= Gordon Sanderson =

British Indian archeologist (1886–1915)

Gordon Sanderson (1886 – 13 October 1915) was an officer with the Archaeological Survey of India (ASI) and held the position of the Superintendent, Mahomedan and British Monuments, Northern Circle. He is best known for his work in preserving and documenting the historical monuments of India. Sanderson also wrote books on Indian monuments including Delhi Fort: A Guide to the Buildings and Gardens, Conservation Notes on Archaeological Buildings in Delhi Province, The Arts and Antiquities of India: An Illustrated Selection.

At the peak of his career with the ASI, Sanderson decided to fight for Britain when the First World War broke out. He took charge as Lieutenant of 2nd King Edward VII's Own Gurkha Rifles (The Sirmoor Rifles). On 13 October 1915, aged 28, Lieutenant Gordon Sanderson was killed in action in France. He was buried in the Gorre British and Indian Cemetery, at Pas de Calais, northern France.

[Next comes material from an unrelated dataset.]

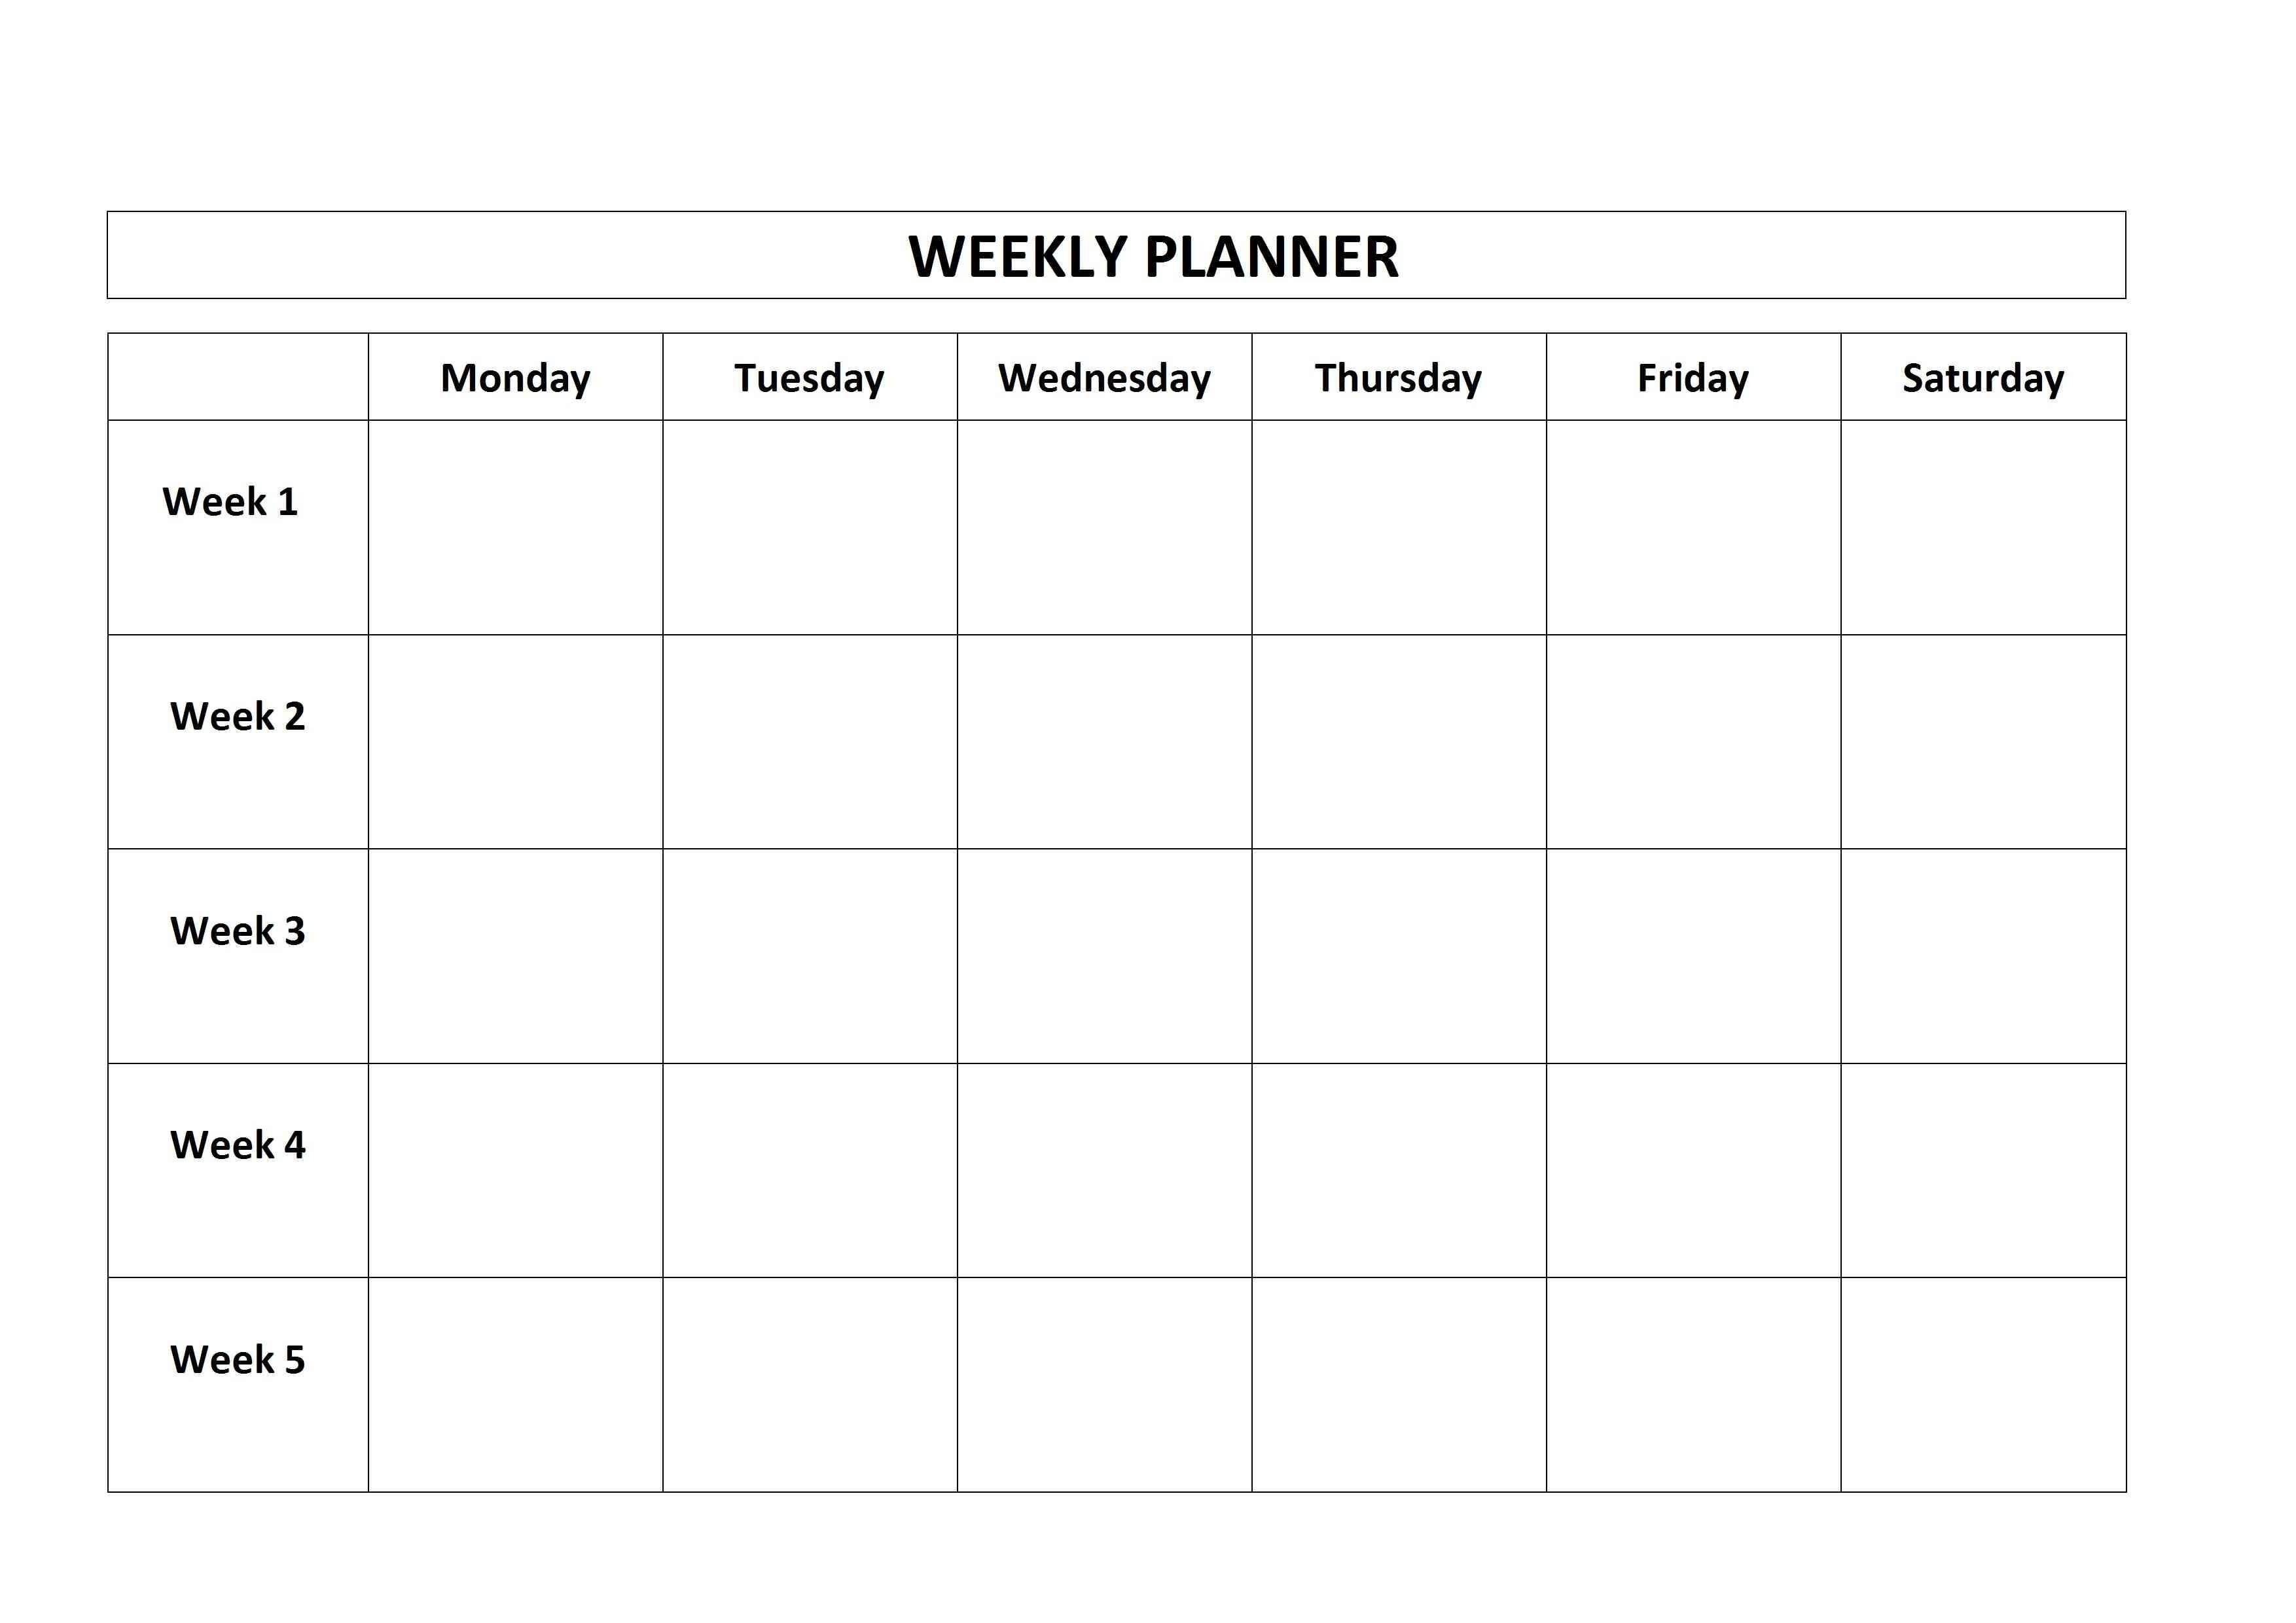 016 Week Blank Schedule Template Weekly Calendar Pdf Social inside 1 Week Blank Calendar Template

In recognition of his work with the Archaeological Survey of India, a monument was erected at the Qutb Complex, New Delhi in 1919. The monument, a white marble sundial, was installed by his colleagues from ASI. Sanderson had carried out extensive excavations in the area around Qutub Minar starting in 1910 AD. He is credited with making the Qutub Minar complex what it is today.